Co-authored-by: Alara Dirik <8944735+alaradirik@users.noreply.github.com>
---
 docs/source/en/_toctree.yml                   |   2 +
 .../tasks/zero_shot_image_classification.mdx  | 143 ++++++++++++++++++
 2 files changed, 145 insertions(+)
 create mode 100644 docs/source/en/tasks/zero_shot_image_classification.mdx

diff --git a/docs/source/en/_toctree.yml b/docs/source/en/_toctree.yml
index f164348a94..eddfc48d5c 100644
--- a/docs/source/en/_toctree.yml
+++ b/docs/source/en/_toctree.yml
@@ -83,6 +83,8 @@
       title: Object detection
     - local: tasks/zero_shot_object_detection
       title: Zero-shot object detection
+    - local: tasks/zero_shot_image_classification
+      title: Zero-shot image classification
     title: Computer Vision
   - sections:
     - local: tasks/image_captioning
diff --git a/docs/source/en/tasks/zero_shot_image_classification.mdx b/docs/source/en/tasks/zero_shot_image_classification.mdx
new file mode 100644
index 0000000000..2784d36508
--- /dev/null
+++ b/docs/source/en/tasks/zero_shot_image_classification.mdx
@@ -0,0 +1,143 @@
+<!--Copyright 2023 The HuggingFace Team.

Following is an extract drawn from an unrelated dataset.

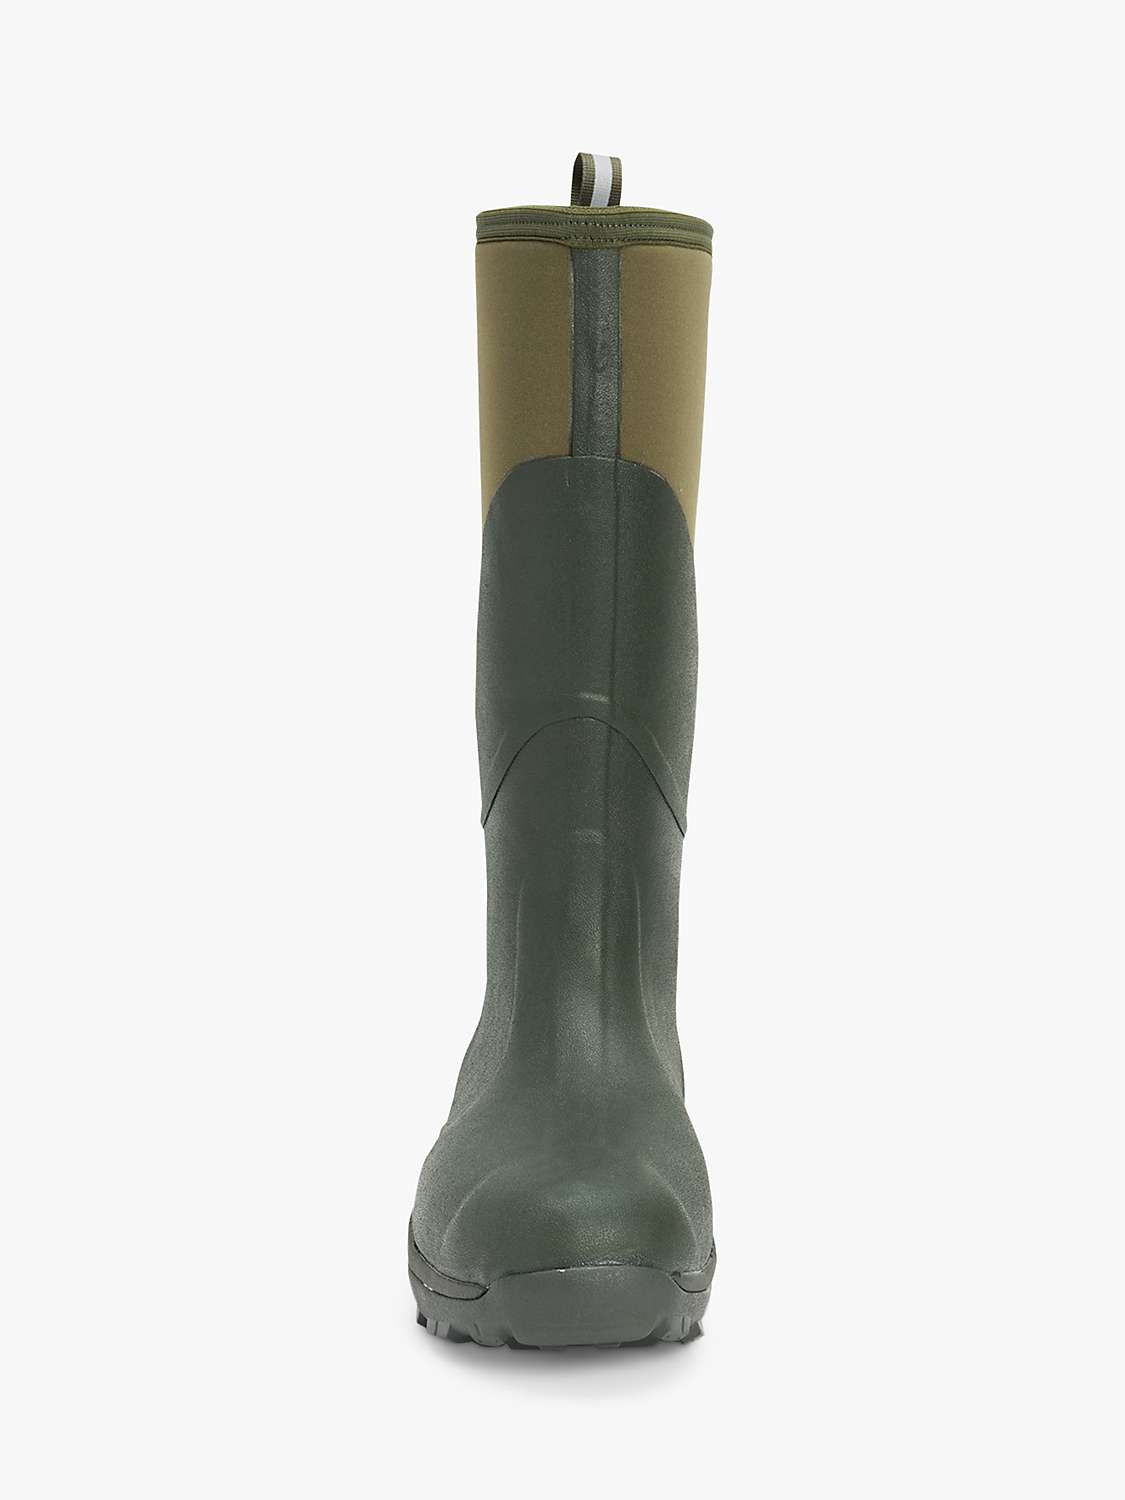 Buy Muck Muckmaster Tall Wellington Boots Online at johnlewis.com

All rights reserved.
+
+Licensed under the Apache License, Version 2.0 (the "License"); you may not use this file except in compliance with
+the License. You may obtain a copy of the License at
+
+http://www.apache.org/licenses/LICENSE-2.0
+
+Unless required by applicable law or agreed to in writing, software distributed under the License is distributed on
+an "AS IS" BASIS, WITHOUT WARRANTIES OR CONDITIONS OF ANY KIND, either express or implied. See the License for the
+specific language governing permissions and limitations under the License.
+-->
+
+# Zero-shot image classification
+
+[[open-in-colab]]
+
+Zero-shot image classification is a task that involves classifying images into different categories using a model that was
+not explicitly trained on data containing labeled examples from those specific categories.
+
+Traditionally, image classification requires training a model on a specific set of labeled images, and this model learns to
+"map" certain image features to labels. When there's a need to use such model for a classification task that introduces a
+new set of labels, fine-tuning is required to "recalibrate" the model.
+
+In contrast, zero-shot or open vocabulary image classification models are typically multi-modal models that have been trained on a large
+dataset of images and associated descriptions. These models learn aligned vision-language representations that can be used for many downstream tasks including zero-shot image classification.
+
+This is a more flexible approach to image classification that allows models to generalize to new and unseen categories
+without the need for additional training data and enables users to query images with free-form text descriptions of their target objects .
+
+In this guide you'll learn how to:
+
+* create a zero-shot image classification pipeline
+* run zero-shot image classification inference by hand
+
+Before you begin, make sure you have all the necessary libraries installed:
+
+```bash
+pip install -q transformers
+```
+
+## Zero-shot image classification pipeline
+
+The simplest way to try out inference with a model supporting zero-shot image classification is to use the corresponding [`pipeline`].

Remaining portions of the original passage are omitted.